Merozoites were isolated by Percoll density gradient centrifugation
of intestinal contents from neonatal BALB/c mice at 65 h
postinoculation with oocysts (32).
IgA MAb production and characterization.
Six-week-old BALB/c
mice (Jackson Laboratory, Bar Harbor, Maine) were housed in
microisolator cages and maintained with 12-h photoperiod cycles. Mice
were inoculated per os twice at 3-week intervals with 5 × 104 viable C. parvum oocysts. Three
weeks following the second oocyst inoculation, mice were injected
intraperitoneally with 5 µg of sporozoite Ag in PBS. Sera were
screened by ELISA and indirect immunofluorescence assay (IFA) as
described below to determine anti-C. parvum IgA
antibody titers. Positive sera were stored at 80°C until used as
controls in immunoassays.
Four days after the final immunization, mice were euthanized by
CO2 inhalation. Peyer's patches were then dissected and
removed aseptically, pooled, and incubated (1 h, 37°C) in RPMI 1640 medium supplemented with 10% fetal bovine serum (Gemini Bioproducts), 0.1% (wt/vol) collagenase type IV (Sigma), and 100 U of penicillin, 100 µg streptomycin, and 0.25 µg of amphotericin B (Sigma) per ml.
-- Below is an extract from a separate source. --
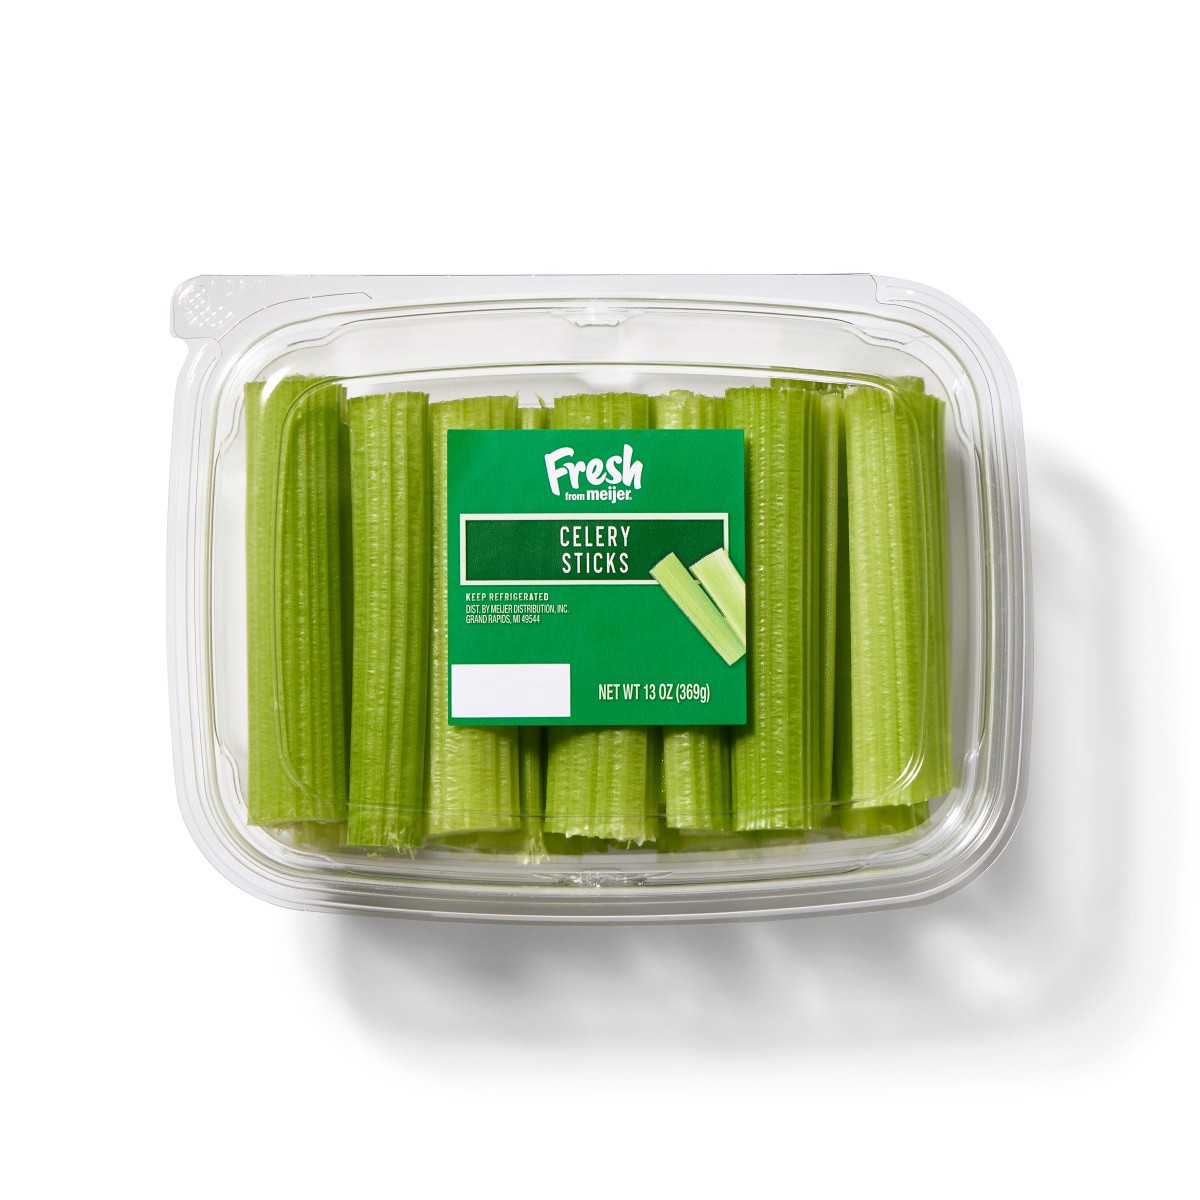 slide 1 of 13, Fresh from Meijer Celery Sticks, 13 oz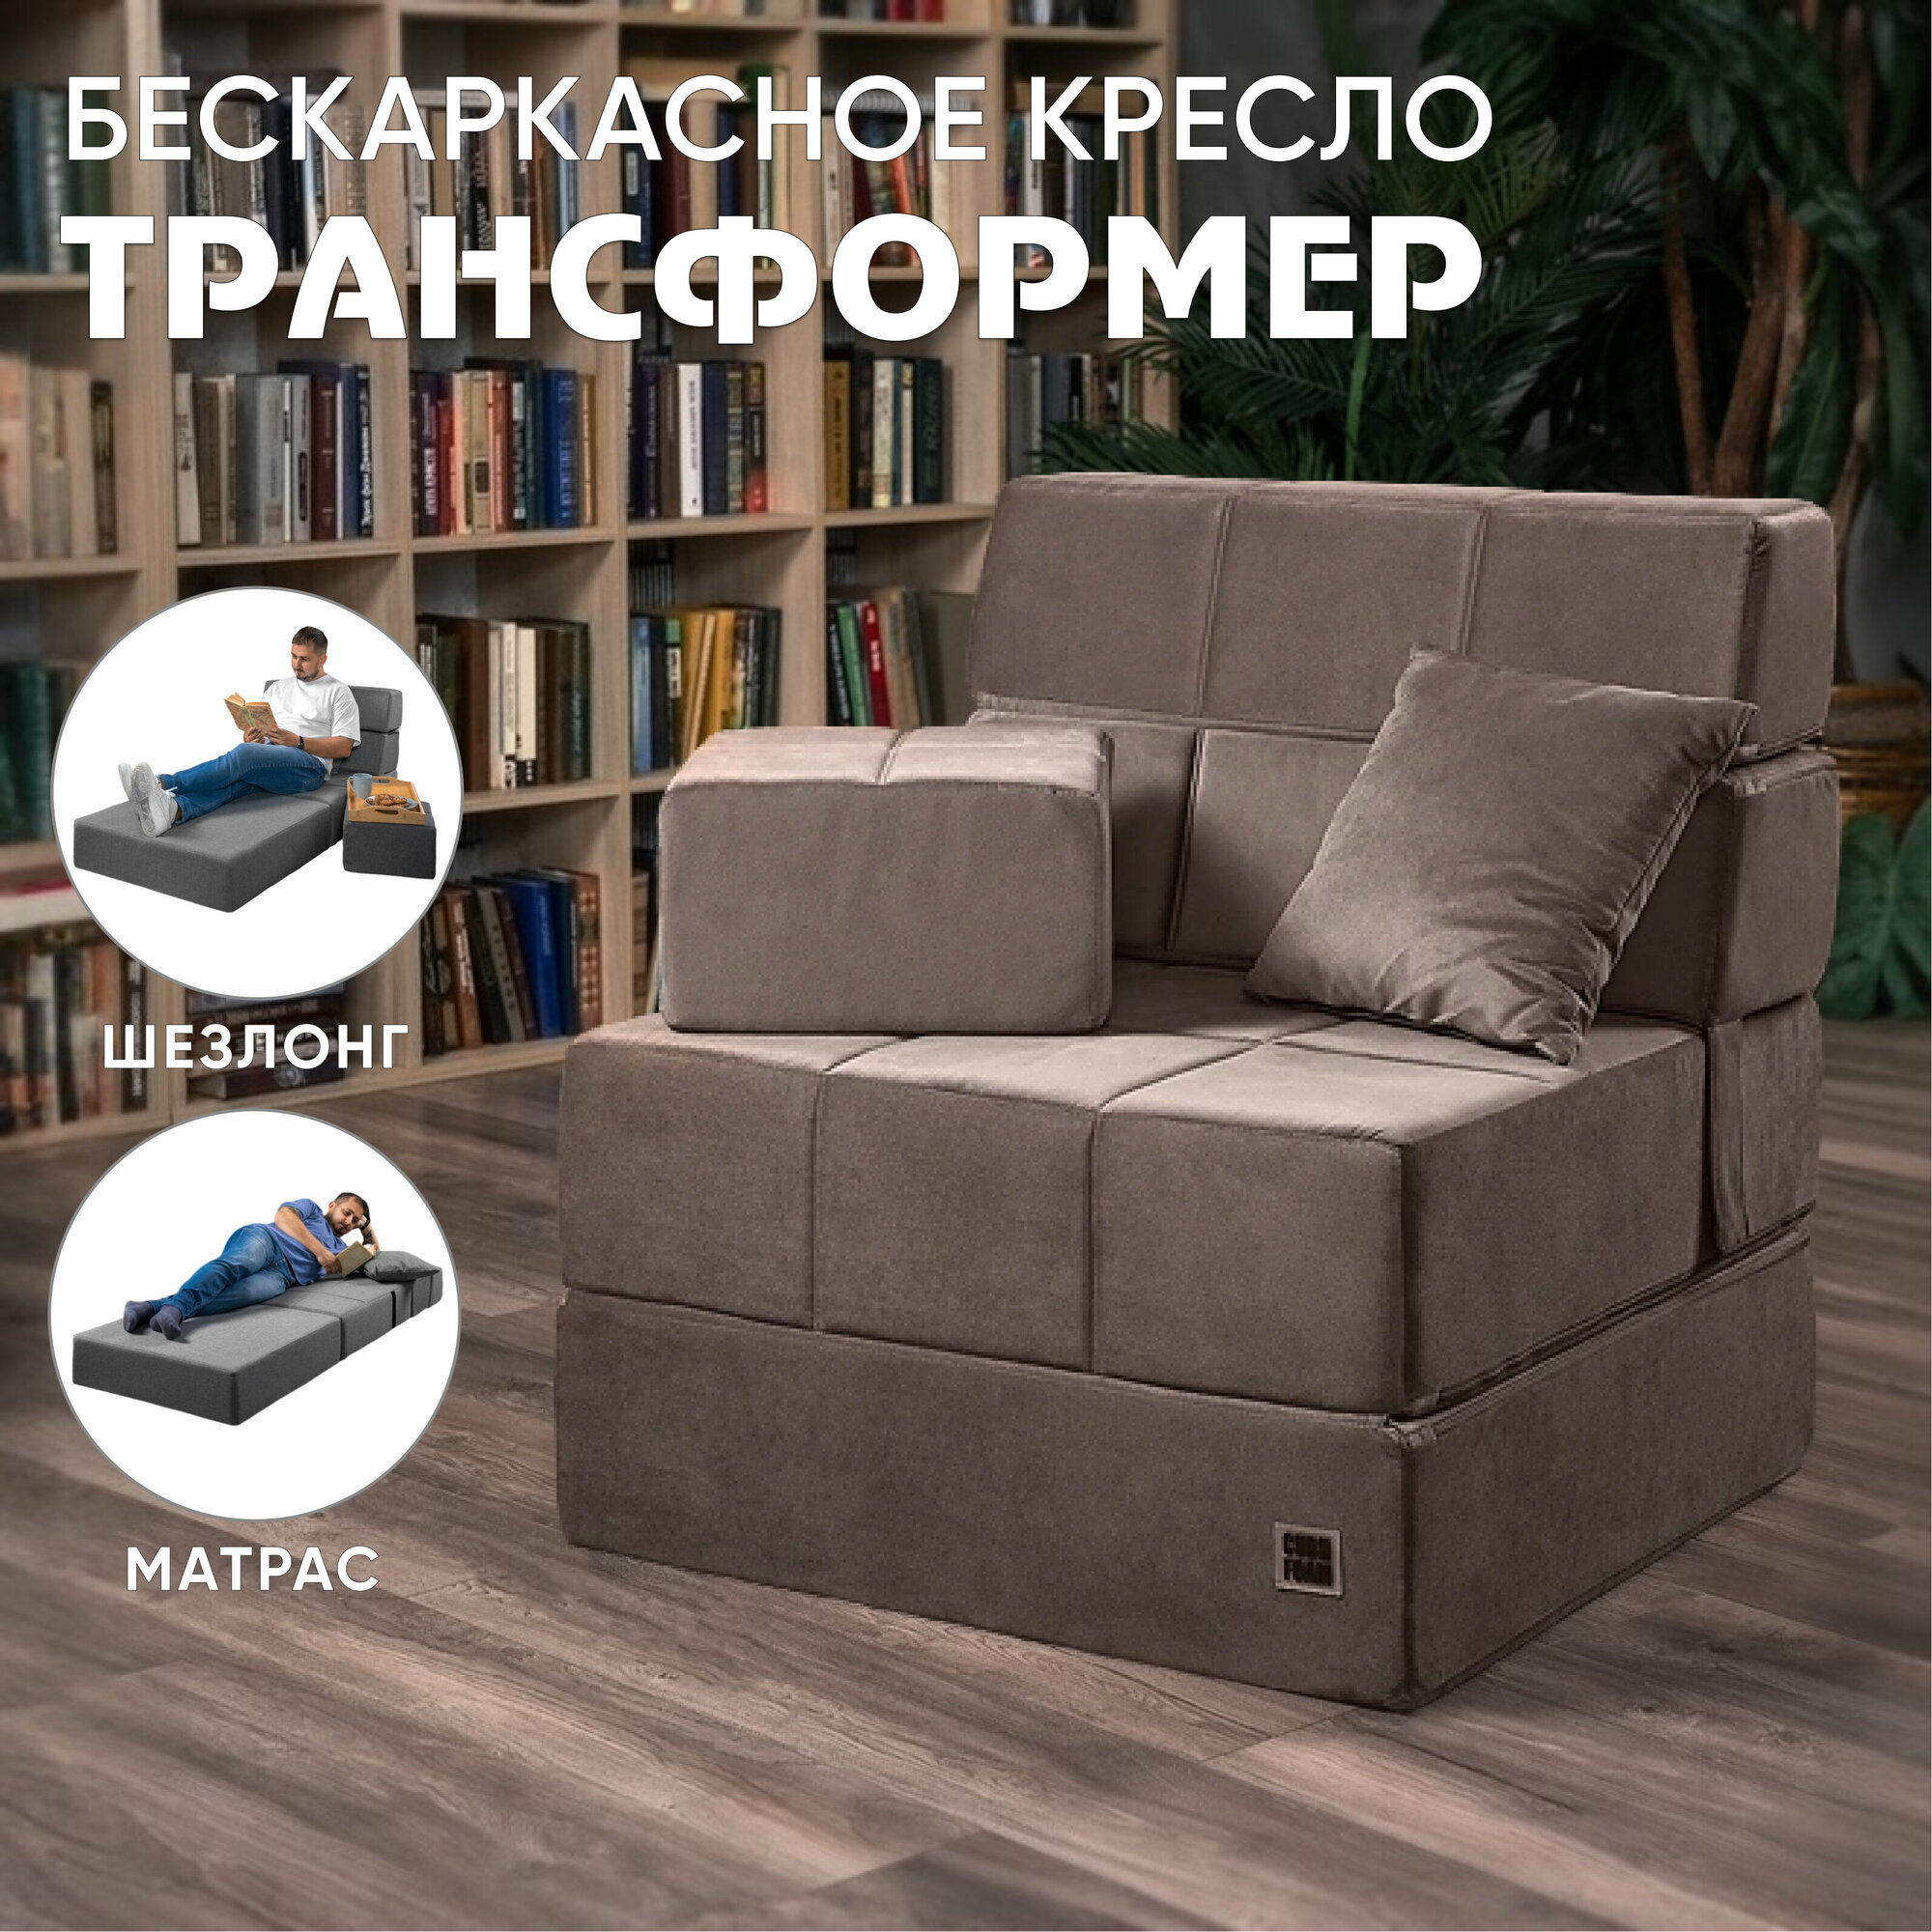 Бескаркасный коричневый диван MaxiCubes

Peyer's patches were then transferred into a glass homogenizer and
gently disrupted. Peyer's patch cells were fused with SP2/O myeloma
cells and resuspended in monocyte-macrophage-thymocyte-conditioned medium as previously described (11). Hybridomas producing
IgA antibodies were identified by ELISA. Briefly, plates were coated (12 h, 4°C) with an affinity-purified goat anti-mouse IgA Ab (5 µg/ml; Kirkegaard & Perry Laboratories, Inc., Gaithersburg, Md.) and
blocked with 1% (wt/vol) nonfat dry milk in PBS (30 min, 21°C). Hybridoma supernatants were added to plates, which were then incubated (2 h, 37°C), washed, and incubated (2 h, 37°C) with a
peroxidase-labelled goat anti-mouse IgA Ab (Kirkegaard & Perry).
Following washing, the plates were developed with
2,2'-azino-di(3-ethylbenzthiazoline sulfate) (ABTS; Kirkegaard & Perry)
and A410 was determined with an ELISA reader
(Dynatech 700; Dynatech Laboratories, Inc., Chantilly, Va.). Control
wells were incubated with 0.5-µg/ml monomeric IgA (IgA-producing
myeloma MOPC-318; Sigma) or sera from fusion mice (1:10 to 1:1,600
dilution in PBS) and processed identically. Hybridomas secreting IgA
were then assessed for sporozoite specificity by ELISA and IFA as
follows.
ELISA plates were coated with sporozoite Ag (5 µg/ml of carbonate
buffer), blocked, and incubated with IgA-positive hybridoma supernatants. Immune serum and IgA Ab MOPC-318 were included as controls. Plates were then washed, incubated with peroxidase-labelled goat anti-mouse IgA Ab (Kirkegaard & Perry), and developed with ABTS.
Hybridomas secreting C. parvum-specific IgA were
assayed further by IFA to identify patterns of binding to
sporozoites and merozoites. For IFA, purified sporozoites
or merozoites were gently heat fixed in multiwell glass slides that
had previously been treated with poly-L-lysine (0.01%,
wt/vol; Sigma). Hybridoma supernatants, along with immune and preimmune
control sera (1:10 dilution), were added to individual wells and
incubated (40 min, 37°C) in a humidified chamber. Following washing,
each well was incubated sequentially (40 min, 37°C) with a
biotinylated rat anti-mouse IgA MAb (Pharmingen, San Diego, Calif.) and
streptavidin-fluorescein (Pharmingen) and then examined with an Olympus
epifluorescence microscope. Following IFA evaluation,
antisporozoite and antimerozoite IgA-secreting hybridomas were
cloned three times by limiting dilution. A single IgA-secreting
hybridoma (92.07t) not recognizing C. parvum was
selected for use as an isotype control and cloned. Cloned hybridomas
were adapted to serum-free medium (Ultradoma; Biowhittaker) and then
cryopreserved. Ascites was produced for all IgA MAbs as previously
described (11). The IgA MAb ascites titer against C. parvum sporozoites was determined by IFA.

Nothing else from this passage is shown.